Write-through — every write goes to the cache and the database synchronously, in the same operation, before returning. The cache is always consistent with the DB; the cost is write latency (two hops). In Spring this is @CachePut (update the cache) on a method that also persists, or @CacheEvict to invalidate so the next read reloads.

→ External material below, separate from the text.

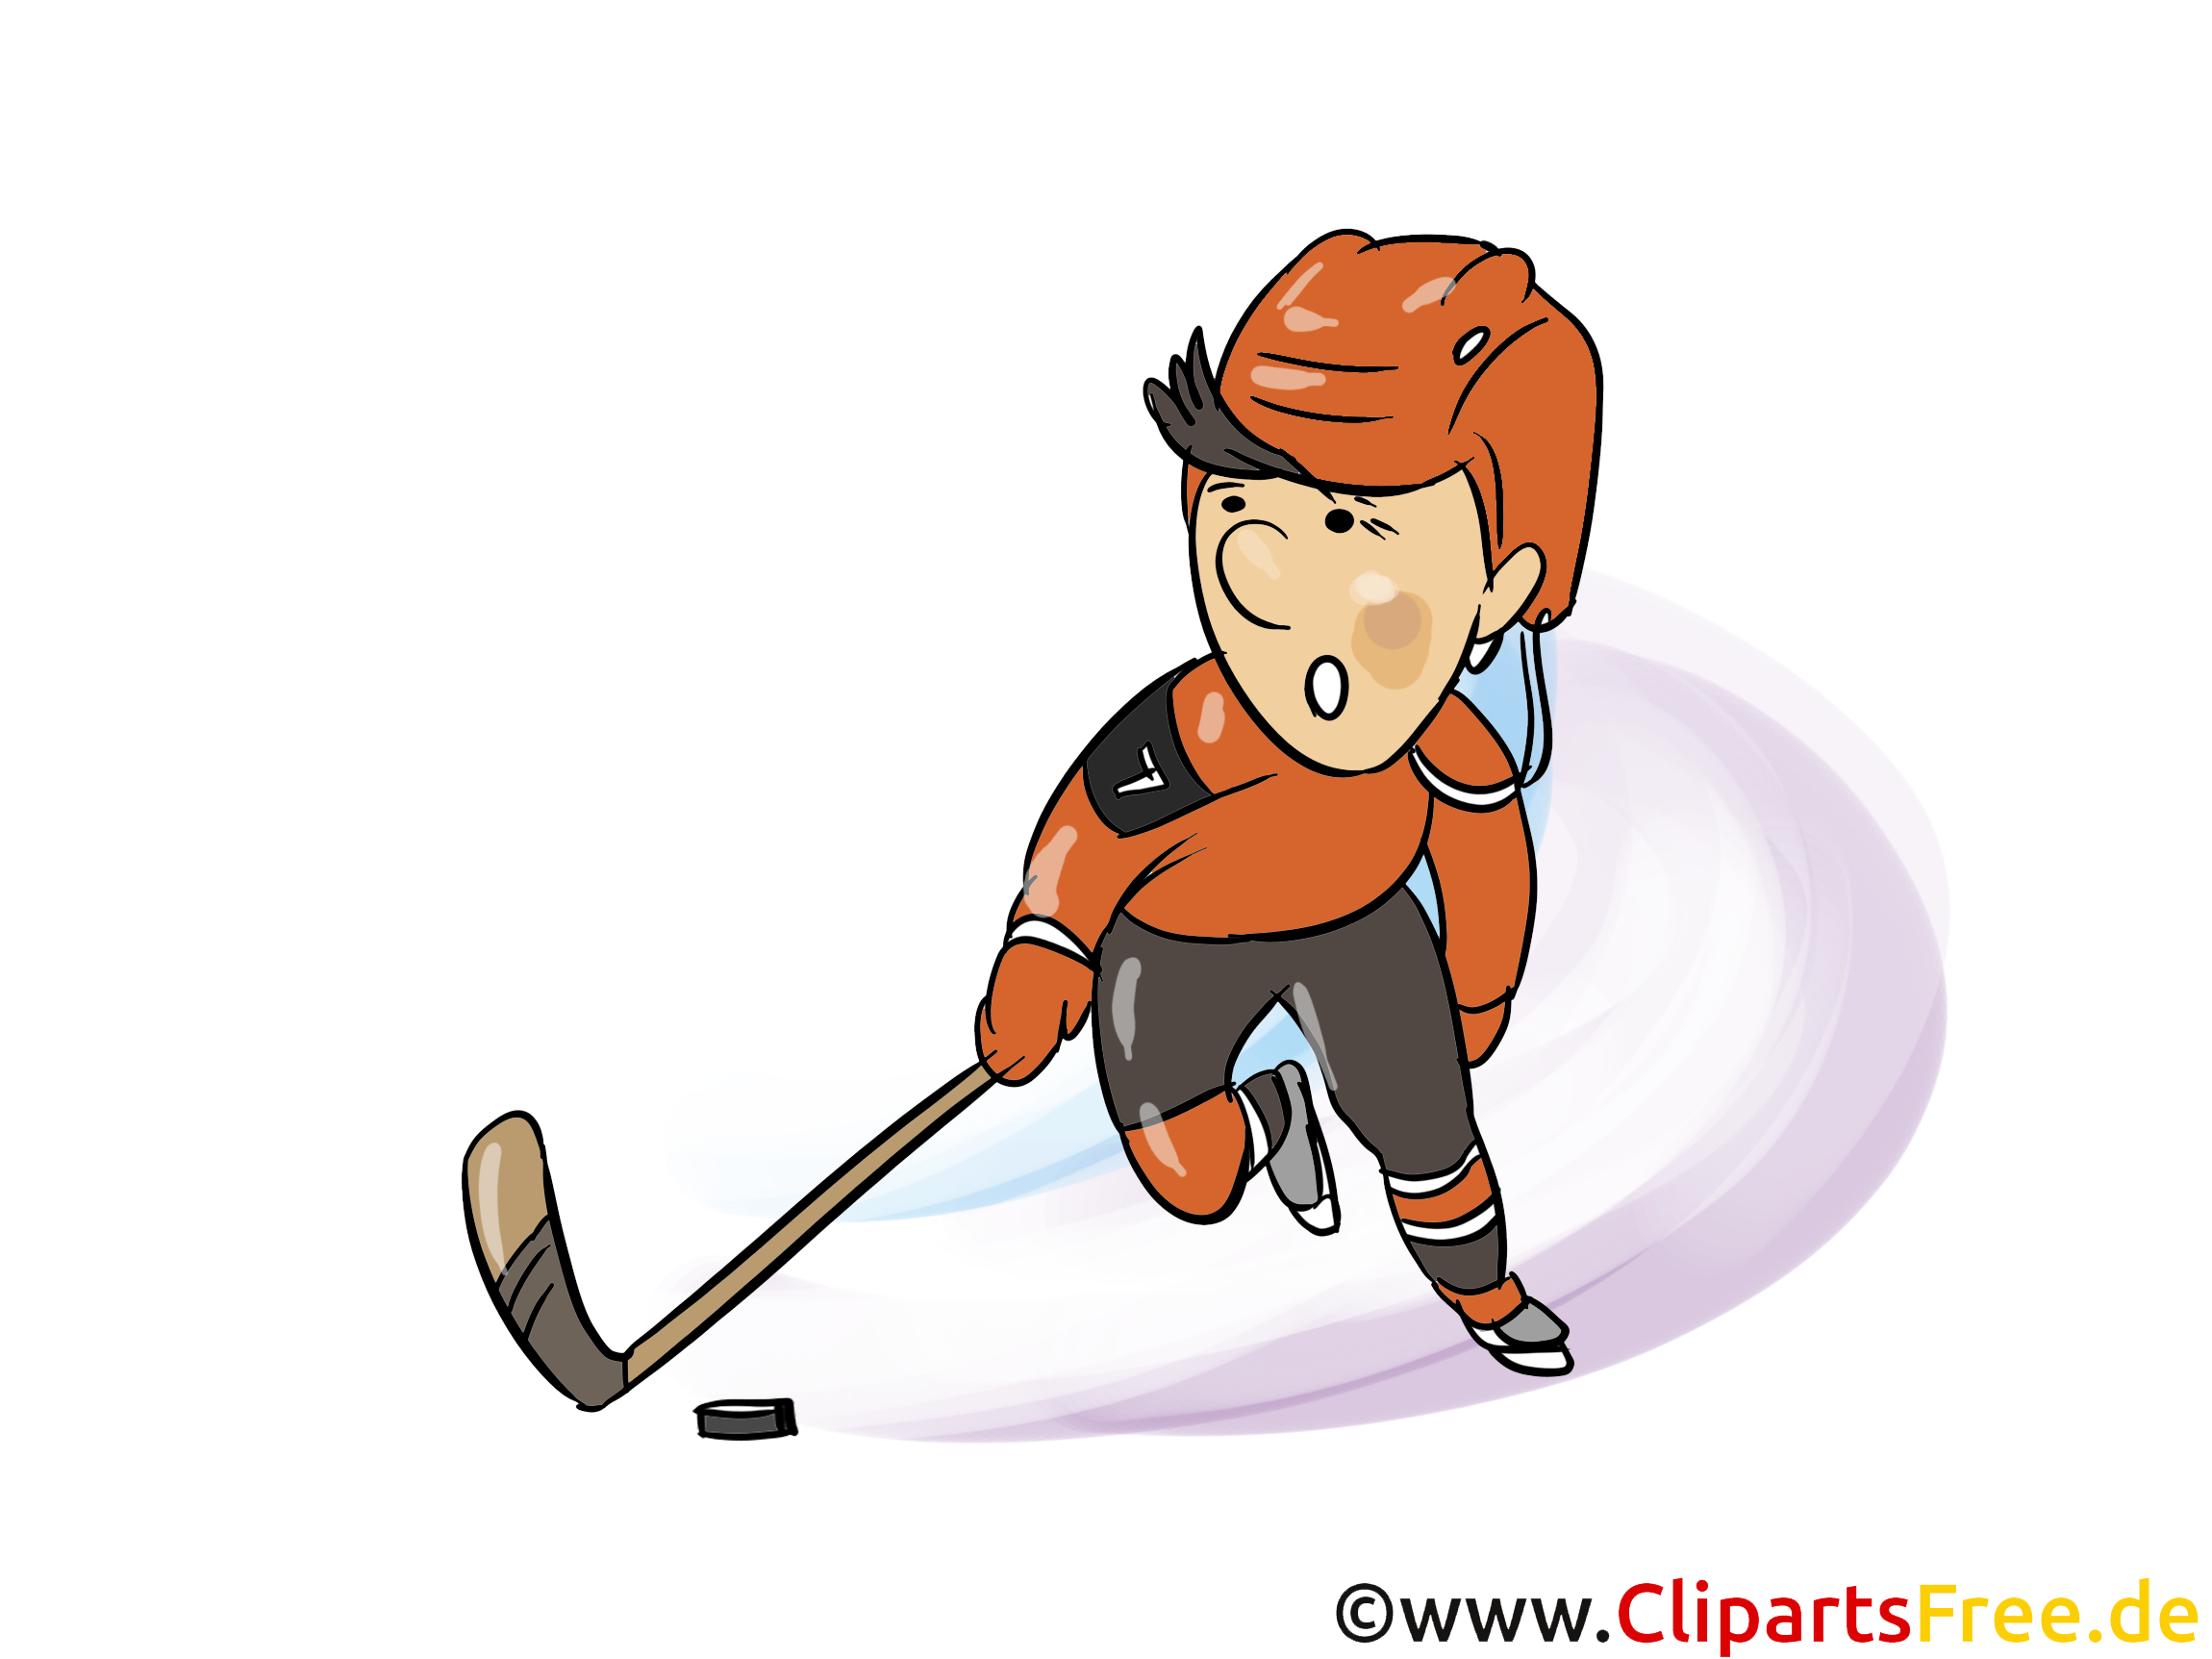 Cross illustration - Hockey images

Write-behind (write-back) — write to the cache immediately and asynchronously flush to the DB later (batched). Fast writes and write coalescing, but a crash before the flush loses data, and the DB is temporarily stale. Used for high-write, loss-tolerant workloads; needs a provider/queue that supports it.

Spring mapping

@Cacheable("books")                      // cache-aside read
public Book find(long id) { ... }

@CachePut(value = "books", key = "#b.id") // write-through (update cache)
public Book save(Book b) { return repo.save(b); }

@CacheEvict(value = "books", key = "#id") // invalidate-on-write
public void delete(long id) { repo.deleteById(id); }

A pragmatic default is cache-aside reads + invalidate-on-write (@CacheEvict): rather than trying to keep the cache perfectly in sync, you evict on every mutation and let the next read repopulate. It's simpler and avoids the dual-write race between updating the cache and updating the DB.